8-En büyük musibet, dünyaya aşırı düşkünlüktür: İhtiras

Dünya’dan o kadar çok beklentimiz var ki, yetmiş yıllık ömre sığması mümkün değil. Bir de hedefe yaklaştıkça hedef büyütüyoruz dolayısı ile hedefe ulaşmak mümkün olmuyor.

İhtiras, stres yapar, insanı yorar, dostlukları tahrip eder ve mutsuzluğun başlıca sebeplerindendir.

9-Nimetin en büyüğüne layık olan, sevgiyi ilk başlatandır. Sevginin dilencisi olmak yerine kaynağı olmayı tercih etmek gerekir.

10-Vebali en büyük olanlar, dini görevlerini ihmal eden alimlerdir.

Doğruyu bilip de yapmamak, insanlara yaşamadığı şeyleri anlatmak kusur olarak o kişiye yeter.

  • Mevlana’dan:

Sevgide güneş gibi ol,

Dostluk ve kardeşlikte akarsu gibi ol,

Hataları örtmede gece gibi ol,

Tevazuda toprak gibi ol,

Öfkede ölü gibi ol

Her ne olursan ol,

Ya olduğun gibi görün yada göründüğün gibi ol.

  • Bulutlar ağlamasa yeşillikler nasıl güler.
  • Göz yaşarmayınca gönül yeşermezmiş
  • Birisi güzel bir şey söylüyorsa bu, dinleyenin dinlemesinden ve anlamasından ileri gelir.
  • Ölülerle savaşarak gazilik elde edilmez.
  • Kuru duayı bırak, ağaç istiyorsan tohum ek.
  • Ölümümüzden sonra bizim mezarımızı yerde aramayınız. Bizim mezarımız ariflerin gönlündedir.

Hayatta verdiğimiz kararlar, yaptığımız iler uzun vadede bizim kaderimiz olur.

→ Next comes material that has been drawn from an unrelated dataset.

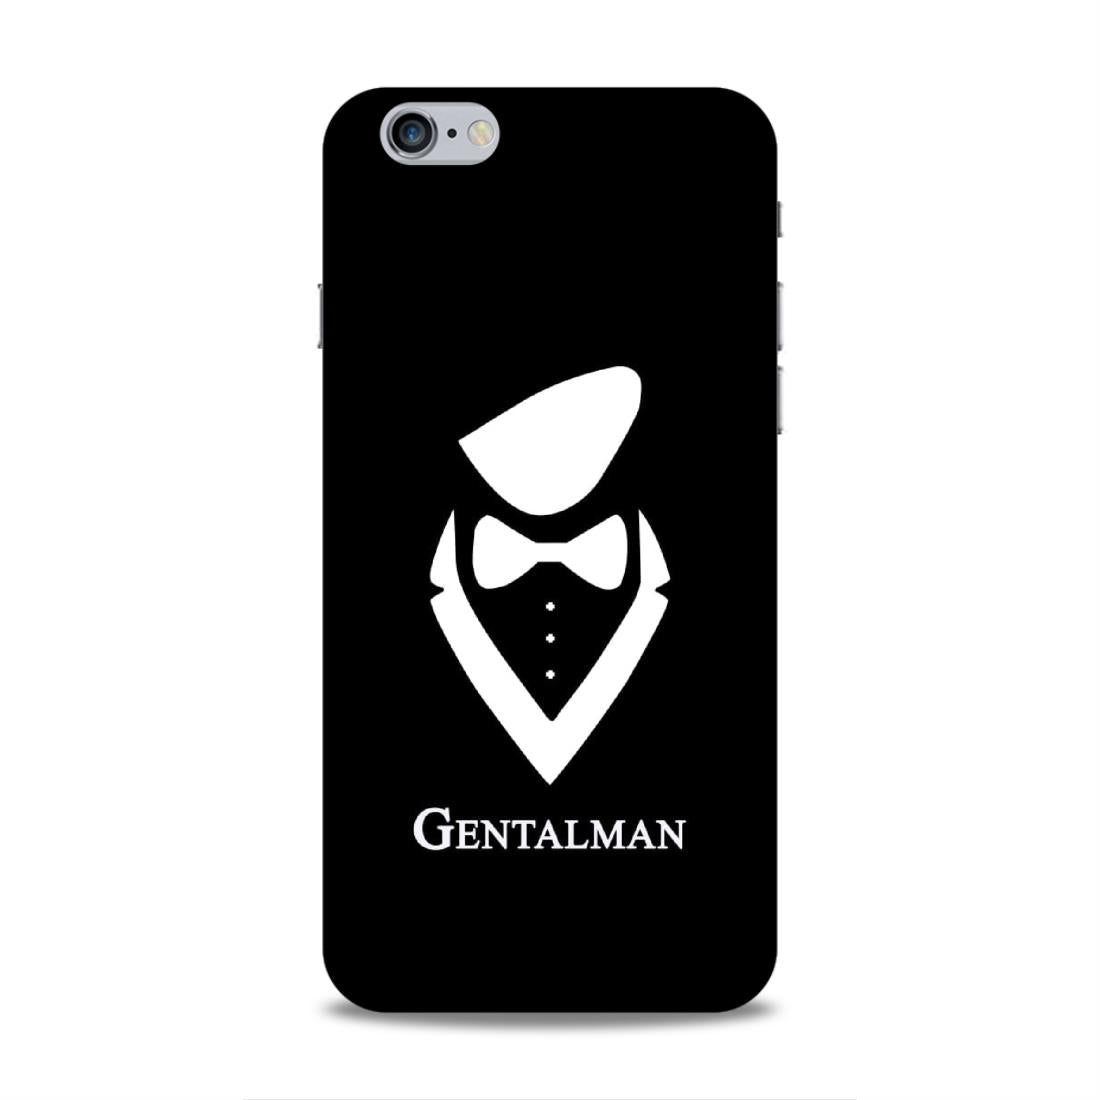 Gentalman Hard Back Case For Apple iPhone 6 Plus / 6s Plus

Mesleğinin erbabı iyi bir marangoz, bir müteahhidin yanında uzun yıllar çalışmış ve yaşlanıştı. Artık emekli olarak dinlenmek istiyordu. Patronuna emekli olmak istediğini bildirdi. Patronu, böyle tecrübeli,mahir ve emektar bir elemanı kaybedeceği için üzüldü ama emeklilik onun da hakkı diye düşündü. Patronu marangoza, senden son bir istediğim var, şuraya bir aile duracak şekilde bir ev yap, ondan sonra emeklilik işlemlerini başlatalım, der. Marangoz, patronunu kıramaz ve hemen alel acele işe koyulur. Bu son işi isteksiz yapmaktadır. Baştan savma bir işçilik yapar ve kalitsiz mal kullanır. İyi bir usta için böyle bir final aslında büyük bir talihsizliktir. Ev inşaatı bitince, işveren evi görmeye gelir ve evin anahtarını marangoza uzatarak “Bu ev senin, şirketimde çok emeğin var bu ev de benden sana hediye” der. Marangoz şok olmuştur. Bu evin bana verileceğini bileydim, hiç böyle mi yapardım” der. 

Marangoz sizsiniz. Hayat, “Kendin kazan,kendin pişir ve  kendin ye” prensibine göre devam ediyor. Bu gün verdiğimiz kararlar, yaptıklarımız ve kazandıklarımız yarın hayatımızı devam ettireceğimiz iş ev,yuva hatta kader haline gelir.

İşte hayatta böyledir. Ta çocukluk yıllarından beri öğrencilik baştan savmadır, kurallara uyma baştan savmadır, yapılan işler, verilen görevler baştan savmadır. Sonunda ne oluyor biliyor musun? İşini baştan savma yapanı hayatta da başından savıyor.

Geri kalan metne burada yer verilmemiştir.